Second: the occupancy paradox. FlashInfer uses 183 registers per thread (2.4× Triton's 76), yielding only 12.2% active warps versus 35.4%. Yet FlashInfer achieves 84% DRAM throughput versus 76%. Fewer warps, more bandwidth. For bandwidth-bound kernels, memory access pattern quality matters more than occupancy. FlashInfer's fused design with coalesced, pipelined accesses extracts more bandwidth per warp than Triton's higher-occupancy two-phase approach.

Third: cooperative grid launch. FlashInfer launches exactly 132 thread blocks (one per SM) using CUDA cooperative launch semantics. Triton launches 2,048 blocks in multiple waves. Each wave evicts the previous wave's L2 residency, explaining the 14-point L2 hit rate gap (86.4% vs 72.0%).
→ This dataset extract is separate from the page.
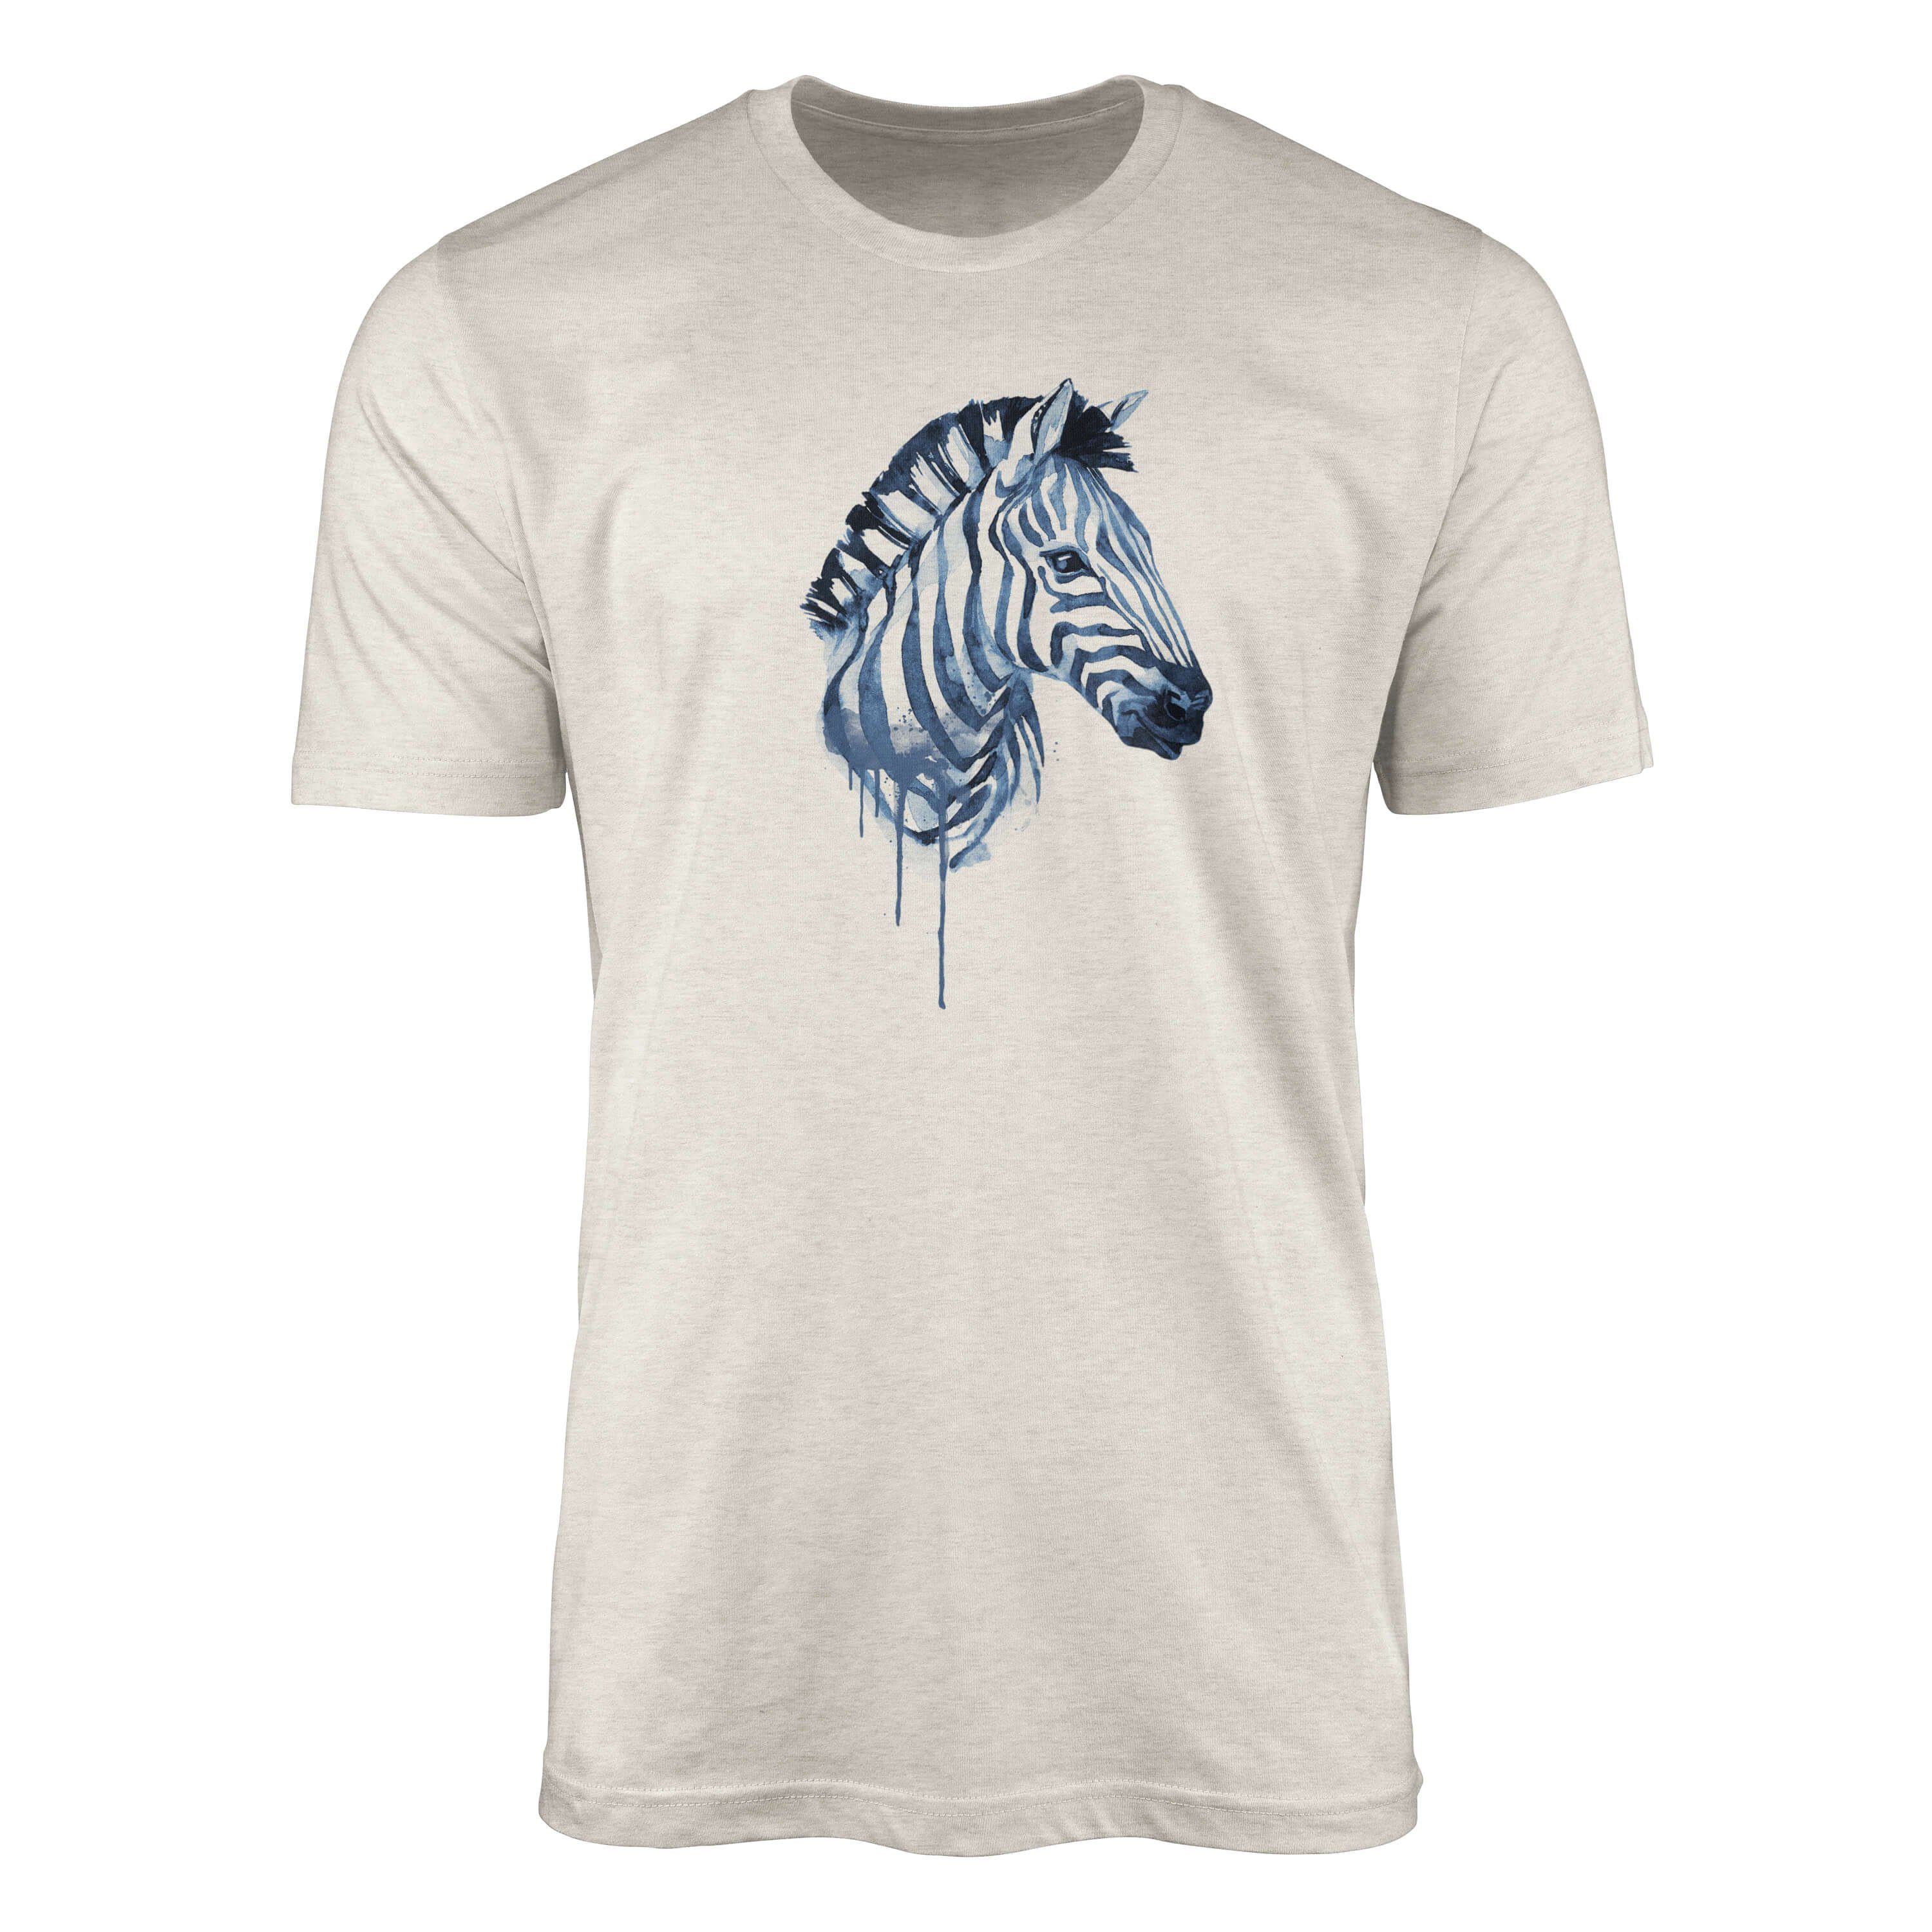 Nachhaltig Herren Bio-Baumwolle Art erneue Sinus T-Shirt Shirt Aquarell (1-tlg) Ökomode T-Shirt Motiv Zebra gekämmte 100% aus

MLA's KV compression cuts attention memory traffic 7× and makes the attention kernel faster. But optimizing one component reveals a hidden cost: reconstruction GEMMs that were negligible under standard MHA become the dominant bottleneck under MLA. At bs=1, reconstruction is 61% of attention-layer time. This is a fixed per-token cost that doesn't show up in attention-only benchmarks.

INT4 quantization is the obvious fix, and the quality story is good: reconstruction weights tolerate INT4 with minimal degradation (+0.051 PPL). But the performance story is inverted: INT4 is slower, not faster, for two reasons: the weights are small enough to live in L2 cache (so HBM savings are irrelevant), and dequantization shifts the INT4 kernel from memory-bound to compute-bound (so the freed bandwidth headroom gets consumed). The roofline fails on both assumptions simultaneously.

More generally, optimizations that reduce data movement can shift workloads into regimes where cache hierarchy, not raw bandwidth, determines performance. MLA reconstruction on H100 is a concrete instance of this.

What's next

• CUDA-native INT8 tensor core kernel for reconstruction: bypasses the FP16 dequant path entirely and uses native low-precision MMA.
• Cross-layer weight fusion: fusing reconstruction across multiple layers so the combined weight set exceeds L2 capacity, restoring the roofline prediction.
• Production serving measurement: profiling reconstruction under real L2 pressure from concurrent FFN GEMMs and multi-tenant batching, where the cache barrier may weaken.